**THE PROBLEM:** In this exercise, print only the lines from the line with "blur-candy-care-330990.jpg" to the last line of the data below, inclusive. Any pictures should be left out.

**GIVEN DATA:**

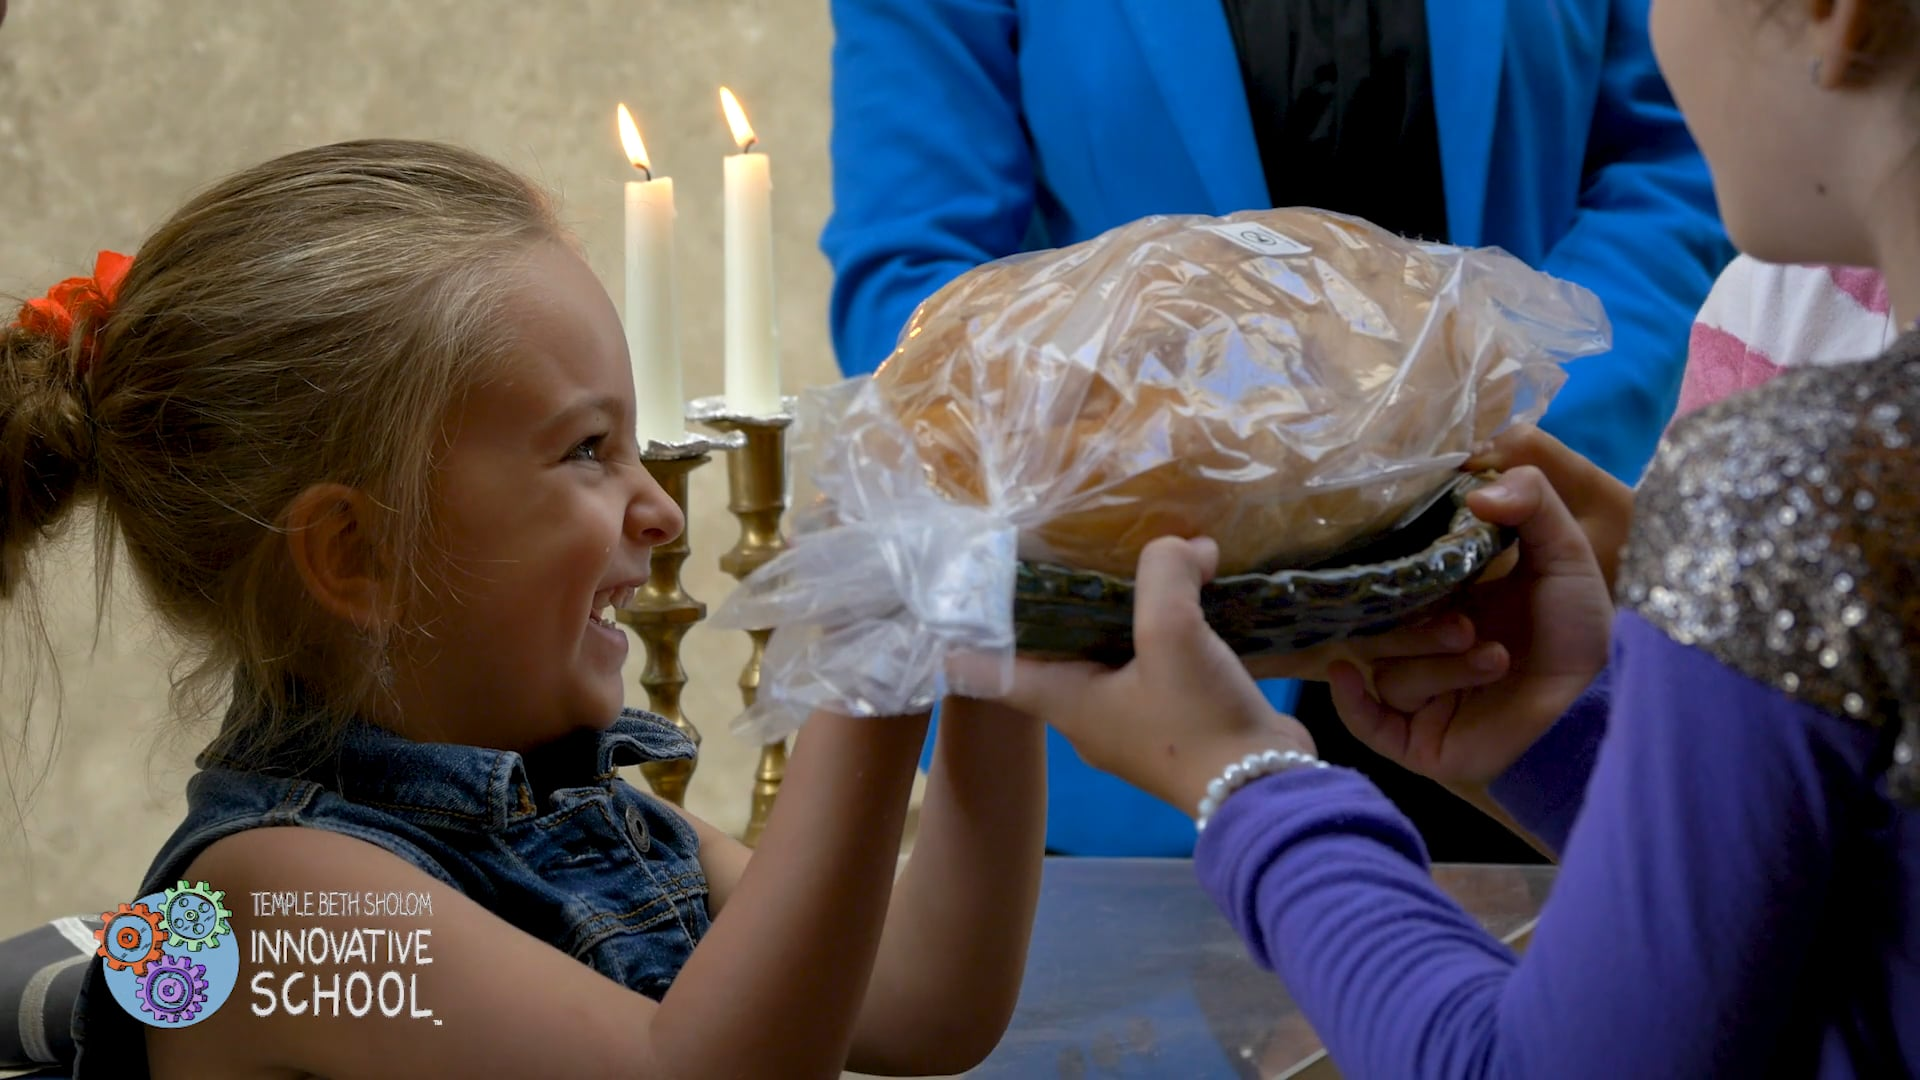 Temple Beth Sholom Innovative School: Elementary Level
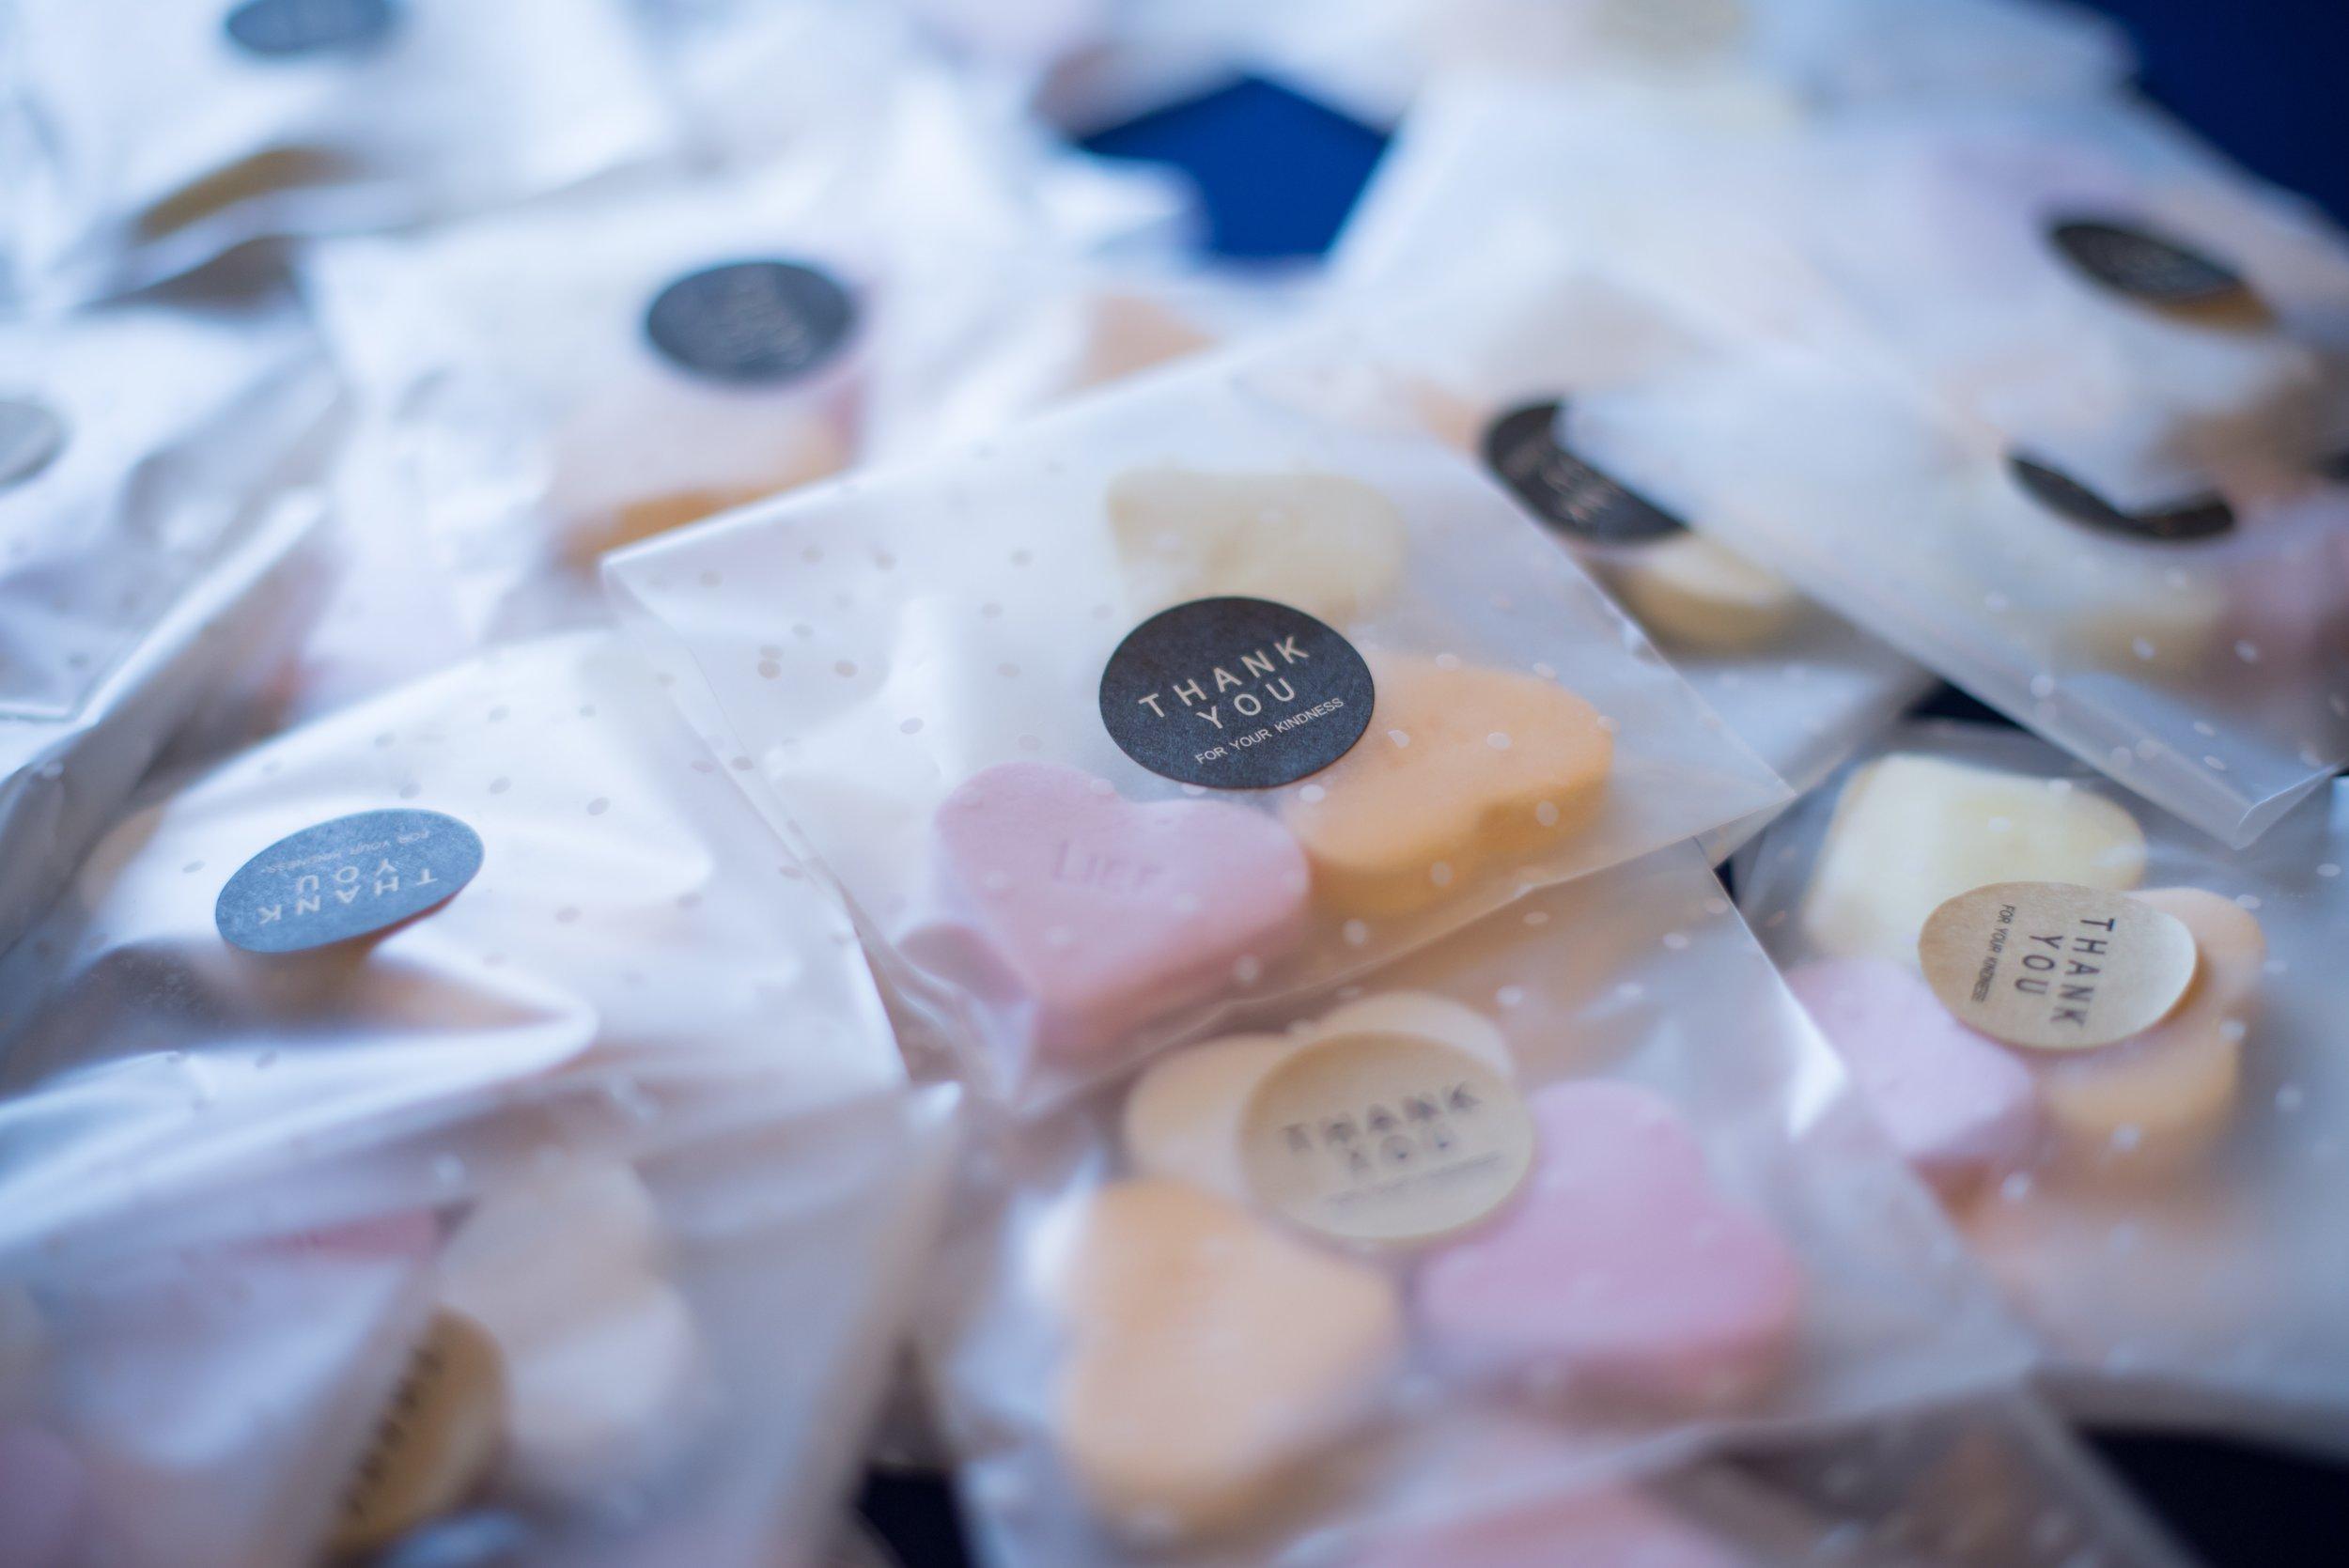 blur-candy-care-330990.jpg
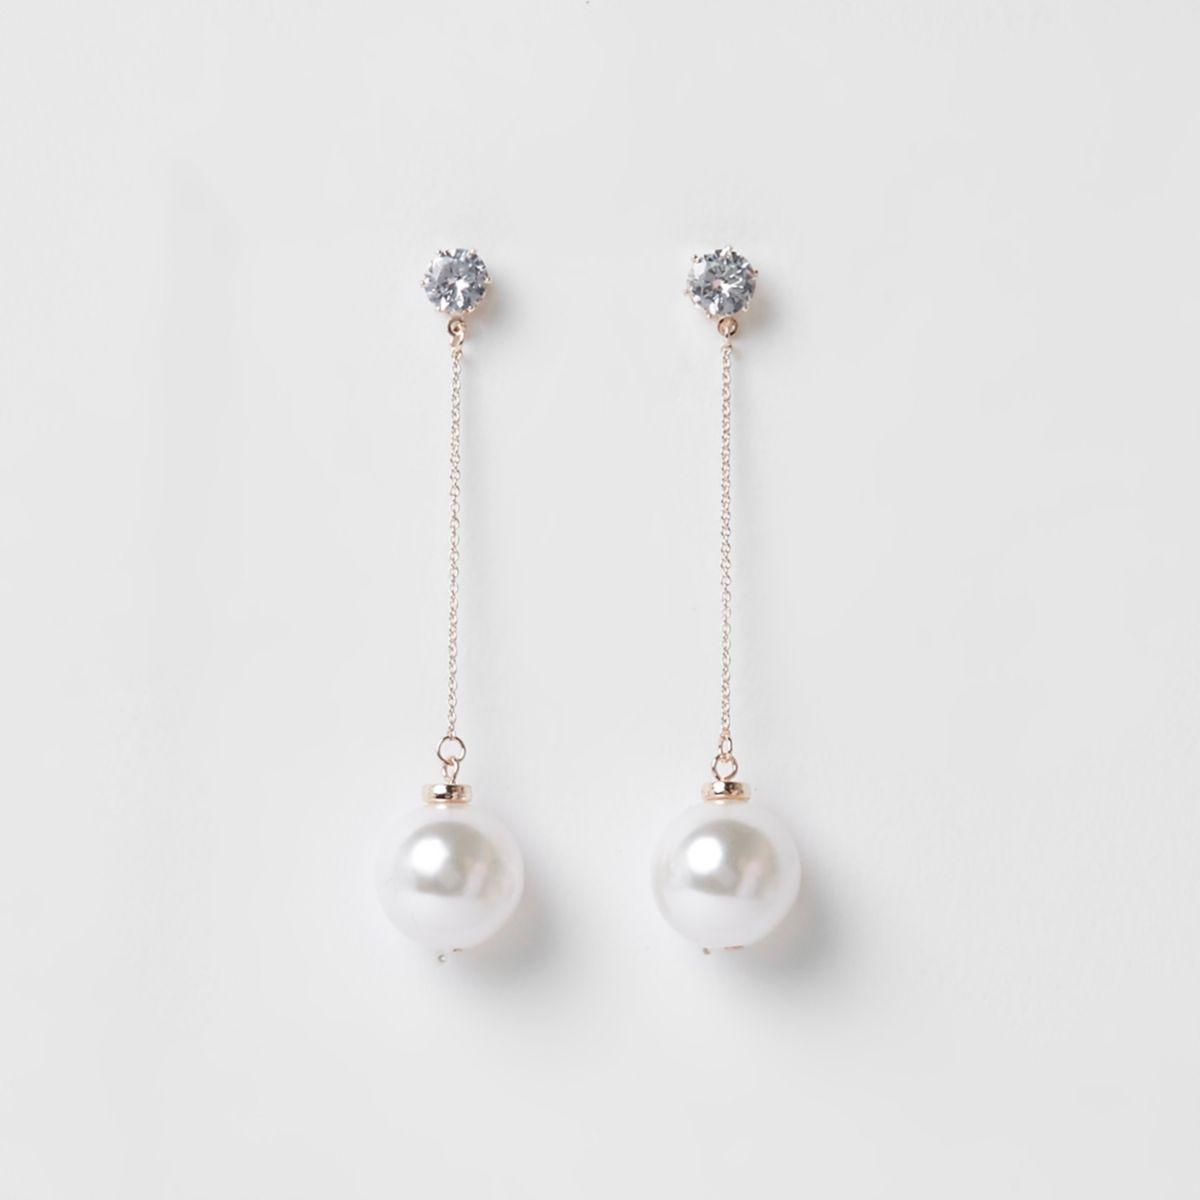 Rose gold tone pearl rhinestone drop earrings

**RESPONSE FOR THIS EXERCISE:**
 blur-candy-care-330990.jpg
 Rose gold tone pearl rhinestone drop earrings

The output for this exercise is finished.